Javascript Program for Products of ranges in an array
Last Updated :
05 Jul, 2022
Given an array A[] of size N. Solve Q queries. Find the product in the range [L, R] under modulo P ( P is Prime).
Examples:
Input : A[] = {1, 2, 3, 4, 5, 6}
L = 2, R = 5, P = 229
Output : 120
Input : A[] = {1, 2, 3, 4, 5, 6},
L = 2, R = 5, P = 113
Output : 7
Brute Force
For each of the queries, traverse each element in the range [L, R] and calculate the product under modulo P. This will answer each query in O(N).
Javascript
<script>
function calculateProduct(A, L, R, P)
{
L = L - 1;
R = R - 1;
let ans = 1;
for (let i = L; i <= R; i++)
{
ans = ans * A[i];
ans = ans % P;
}
return ans;
}
let A = [ 1, 2, 3, 4, 5, 6 ];
let P = 229;
let L = 2, R = 5;
document.write(calculateProduct(A, L, R, P) + "</br>");
L = 1;
R = 3;
document.write(calculateProduct(A, L, R, P) + "</br>");
</script>
|
Output :
120
6
Efficient Using Modular Multiplicative Inverse:
As P is prime, we can use Modular Multiplicative Inverse. Using dynamic programming, we can calculate a pre-product array under modulo P such that the value at index i contains the product in the range [0, i]. Similarly, we can calculate the pre-inverse product under modulo P. Now each query can be answered in O(1).
The inverse product array contains the inverse product in the range [0, i] at index i. So, for the query [L, R], the answer will be Product[R]*InverseProduct[L-1]

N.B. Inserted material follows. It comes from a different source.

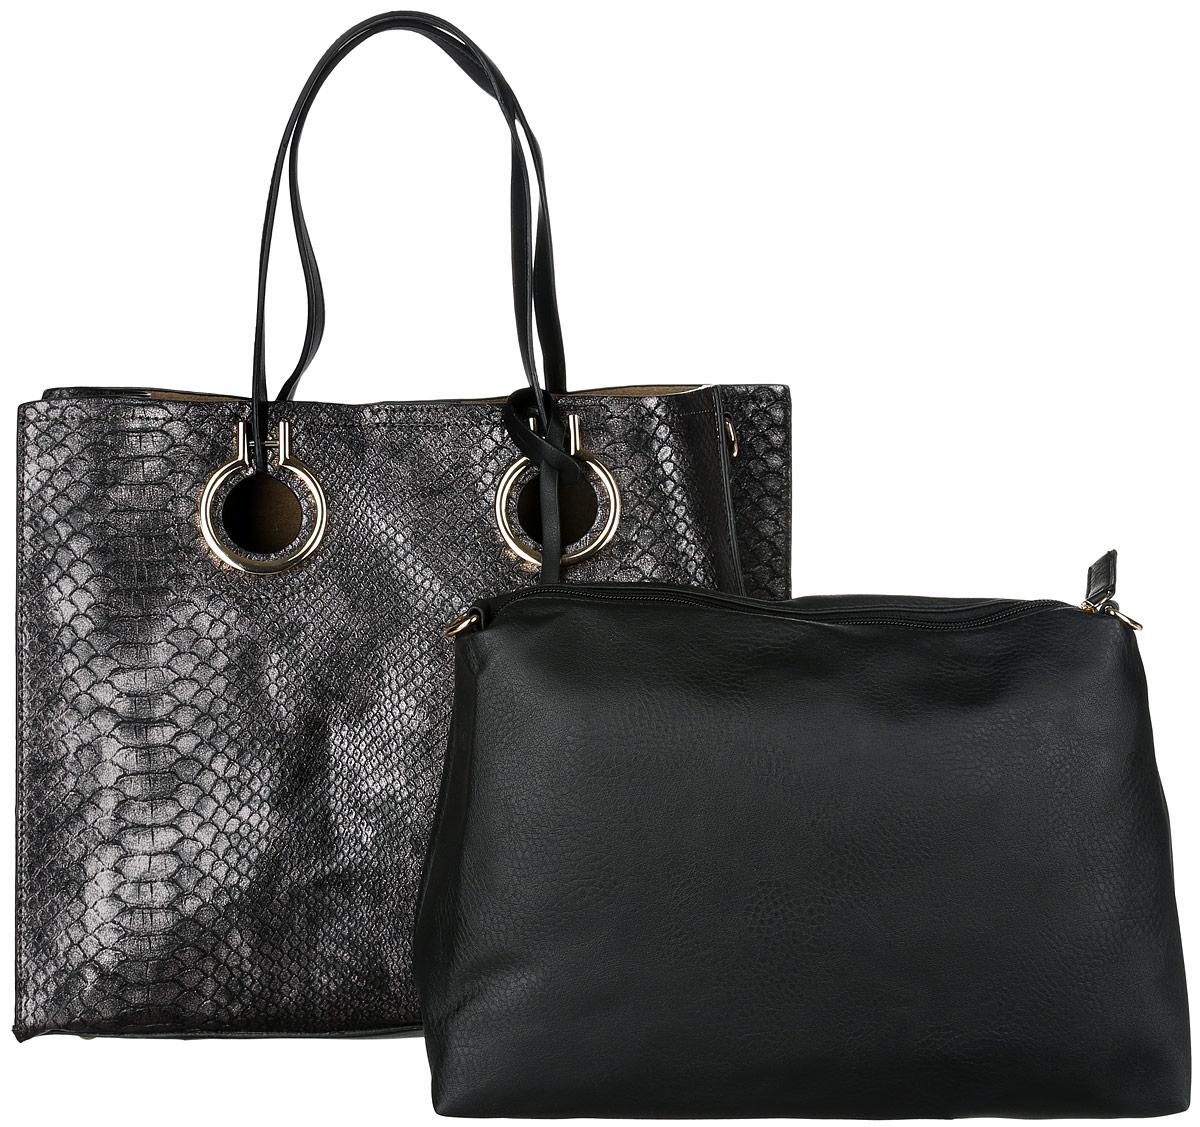 Сумка-шоппер женская David Jones, цвет: черный, серебристый. 4010-2

Note: We can not calculate the answer as Product[R]/Product[L-1] because the product is calculated under modulo P. If we do not calculate the product under modulo P there is always a possibility of overflow.
Javascript
<script>
let MAX = 100;
let pre_product = new Array(MAX);
let inverse_product = new Array(MAX);
function modInverse(a, m)
{
let m0 = m, t, q;
let x0 = 0, x1 = 1;
if (m == 1)
return 0;
while (a > 1)
{
q = parseInt(a / m, 10);
t = m;
m = a % m;
a = t;
t = x0;
x0 = x1 - q * x0;
x1 = t;
}
if (x1 < 0)
x1 += m0;
return x1;
}
function calculate_Pre_Product(A, N, P)
{
pre_product[0] = A[0];
for (let i = 1; i < N; i++)
{
pre_product[i] =
pre_product[i - 1] *
A[i];
pre_product[i] =
pre_product[i] % P;
}
}
function calculate_inverse_product(A, N, P)
{
inverse_product[0] =
modInverse(pre_product[0], P);
for (let i = 1; i < N; i++)
inverse_product[i] =
modInverse(pre_product[i], P);
}
function calculateProduct(A, L, R, P)
{
L = L - 1;
R = R - 1;
let ans;
if (L == 0)
ans = pre_product[R];
else
ans = pre_product[R] *
inverse_product[L - 1];
return ans;
}
let A = [ 1, 2, 3, 4, 5, 6 ];
let P = 113;
calculate_Pre_Product(A, A.length, P);
calculate_inverse_product(A, A.length, P);
let L = 2, R = 5;
document.write(calculateProduct(A, L, R, P) + "</br>");
L = 1;
R = 3;
document.write(calculateProduct(A, L, R, P));
</script>
|
Output :
7
6
Please refer complete article on Products of ranges in an array for more details!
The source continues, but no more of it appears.